Ehhhh this thread is like two years old, I think you might be a little late with your response.


----------



## Tames D (Mar 26, 2008)

ChadWarner said:


> Ehhhh this thread is like two years old, I think you might be a little late with your response.


 
Didn't know there was a time limit. I thought he posted some good info. Welcome to the forum yogaji.


----------



## Twin Fist (Mar 26, 2008)

Yeah, the original post is old, BUT, sometimes a subject, like this one can be aired again so the new people can learn from this guys example.

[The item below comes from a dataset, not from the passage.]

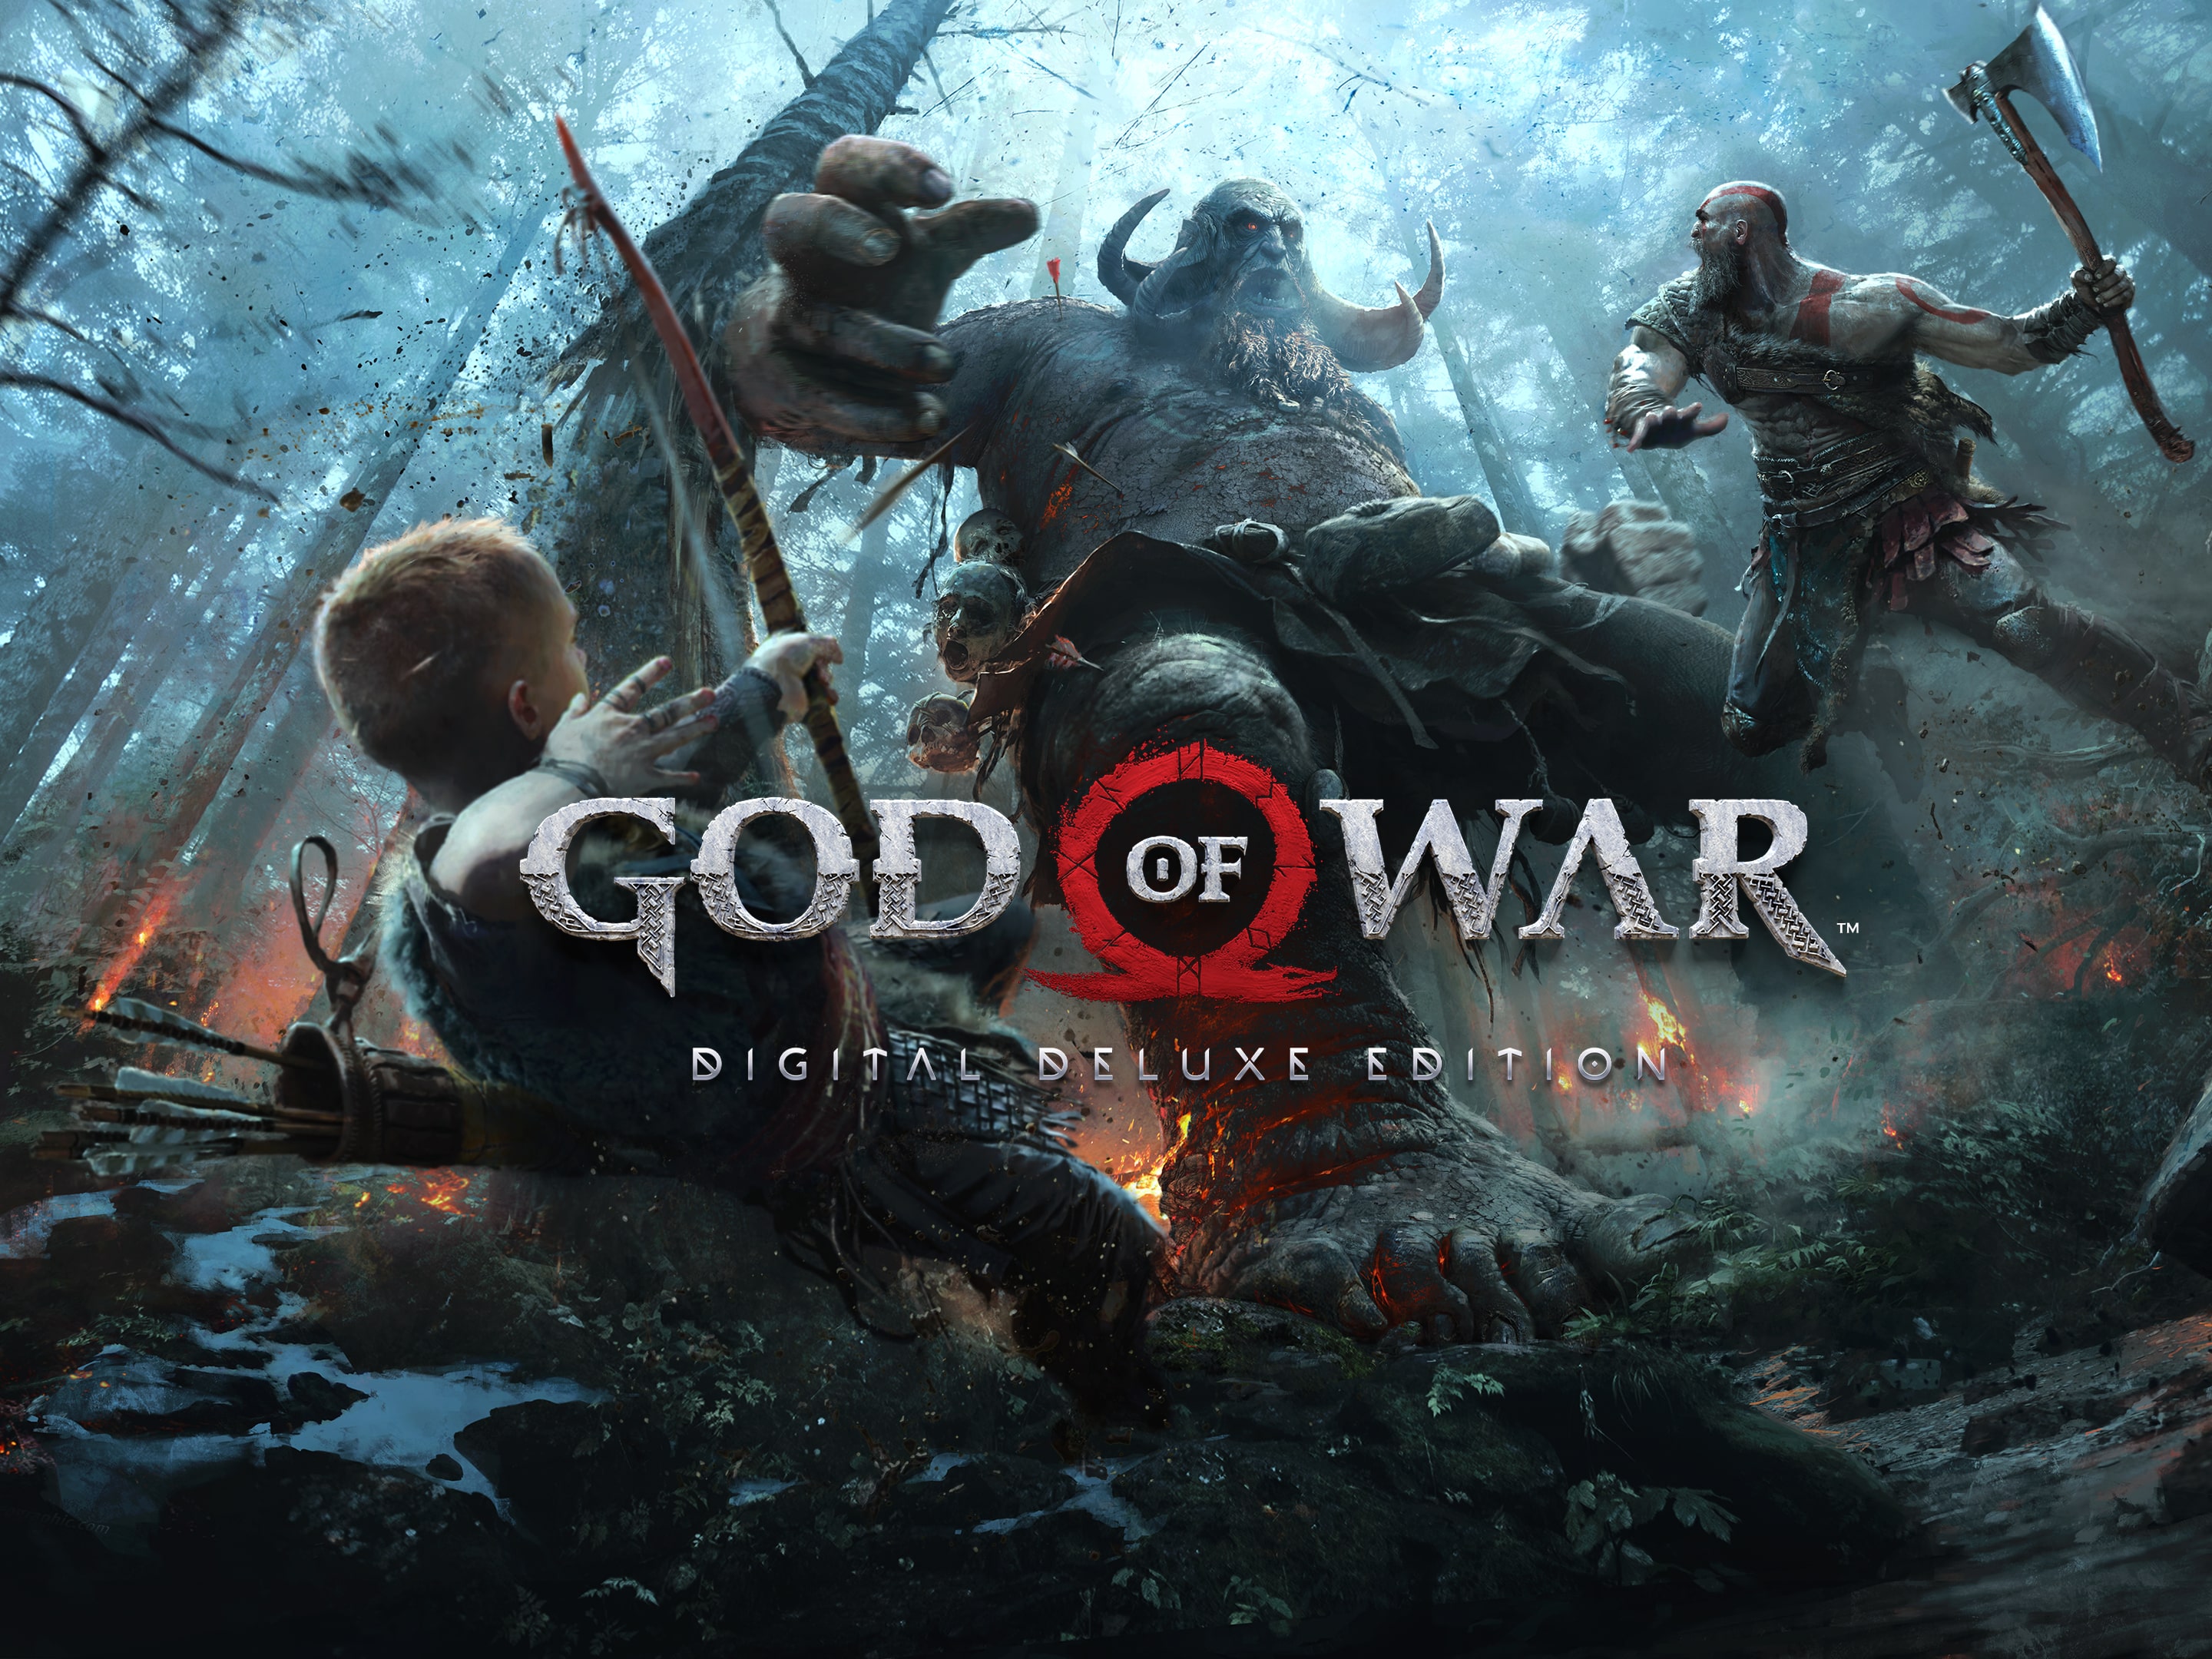 god of war price ps4

If your instructor offers you a spot in a "Master Program" boys and girls, RUN


----------



## Hand Sword (Mar 26, 2008)

As I was a once serious practicing martial artist, and have always taken that mindset with regard to it, I would say that overall, I'm not in favor of such things and would agree with running. However, since the martial art world is now all about this kind of stuff, finacially, it might not seem a bad idea. Pay once and never again might sound good. Also, since these school chains aren't going away anytime soon, and are instead becoming the majority, these programs might be better suited for people to take up. It opens up future business and financial opportunites. Let's face it, the old ruff and tumble days and ways are gone and most likely won't be back. If you are of the few that prefer the old ways of doing things--you can. In the end worry about yourself, let others do what they want, and offer council if asked. If they follow-great, if not--doesn't affect you.


----------



## ChadWarner (Mar 27, 2008)

QUI-GON said:


> Didn't know there was a time limit. I thought he posted some good info. Welcome to the forum yogaji.


 
How do you know if the school is there anymore or if it even offers this kind of program to date?  Or too many other variables that time can change.


----------



## Danjo (Mar 27, 2008)

Hand Sword said:


> As I was a once serious practicing martial artist, and have always taken that mindset with regard to it, I would say that overall, I'm not in favor of such things and would agree with running. However, since the martial art world is now all about this kind of stuff, finacially, it might not seem a bad idea. Pay once and never again might sound good. Also, since these school chains aren't going away anytime soon, and are instead becoming the majority, these programs might be better suited for people to take up. It opens up future business and financial opportunites. Let's face it, the old ruff and tumble days and ways are gone and most likely won't be back. If you are of the few that prefer the old ways of doing things--you can. In the end worry about yourself, let others do what they want, and offer council if asked. If they follow-great, if not--doesn't affect you.


 

Well you're dead wrong about the martial arts world being all about this stuff  and the old-school stuff being gone. It might not be advertised in magazines the way the fluffy stuff is, but it's still there. Most BJJ schools, Muy Thai, Kyokushin, SL4 and Krav Maga still practice pretty hard, and I KNOW Kajukenbo does.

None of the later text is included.